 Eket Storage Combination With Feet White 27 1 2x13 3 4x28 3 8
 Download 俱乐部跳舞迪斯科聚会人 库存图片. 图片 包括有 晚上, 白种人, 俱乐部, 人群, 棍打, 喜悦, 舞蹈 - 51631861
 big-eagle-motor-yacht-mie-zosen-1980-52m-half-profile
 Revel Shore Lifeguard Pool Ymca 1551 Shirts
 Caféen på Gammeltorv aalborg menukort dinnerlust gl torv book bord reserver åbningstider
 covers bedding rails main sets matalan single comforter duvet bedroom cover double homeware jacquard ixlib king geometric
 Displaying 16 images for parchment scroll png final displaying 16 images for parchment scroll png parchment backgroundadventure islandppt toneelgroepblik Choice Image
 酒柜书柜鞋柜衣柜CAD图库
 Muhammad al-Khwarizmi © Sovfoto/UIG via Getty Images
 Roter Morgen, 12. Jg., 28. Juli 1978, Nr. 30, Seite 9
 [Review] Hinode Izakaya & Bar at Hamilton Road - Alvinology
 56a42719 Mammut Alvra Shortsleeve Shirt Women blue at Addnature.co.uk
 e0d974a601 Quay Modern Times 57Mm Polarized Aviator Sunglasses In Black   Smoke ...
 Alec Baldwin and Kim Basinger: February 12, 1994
---*---
→ About this task
Repeat the listing exactly.

→ Task answer
 Eket Storage Combination With Feet White 27 1 2x13 3 4x28 3 8
 Download 俱乐部跳舞迪斯科聚会人 库存图片. 图片 包括有 晚上, 白种人, 俱乐部, 人群, 棍打, 喜悦, 舞蹈 - 51631861
 big-eagle-motor-yacht-mie-zosen-1980-52m-half-profile
 Revel Shore Lifeguard Pool Ymca 1551 Shirts
 Caféen på Gammeltorv aalborg menukort dinnerlust gl torv book bord reserver åbningstider
 covers bedding rails main sets matalan single comforter duvet bedroom cover double homeware jacquard ixlib king geometric
 Displaying 16 images for parchment scroll png final displaying 16 images for parchment scroll png parchment backgroundadventure islandppt toneelgroepblik Choice Image
 酒柜书柜鞋柜衣柜CAD图库
 Muhammad al-Khwarizmi © Sovfoto/UIG via Getty Images
 Roter Morgen, 12. Jg., 28. Juli 1978, Nr. 30, Seite 9
 [Review] Hinode Izakaya & Bar at Hamilton Road - Alvinology
 56a42719 Mammut Alvra Shortsleeve Shirt Women blue at Addnature.co.uk
 e0d974a601 Quay Modern Times 57Mm Polarized Aviator Sunglasses In Black   Smoke ...
 Alec Baldwin and Kim Basinger: February 12, 1994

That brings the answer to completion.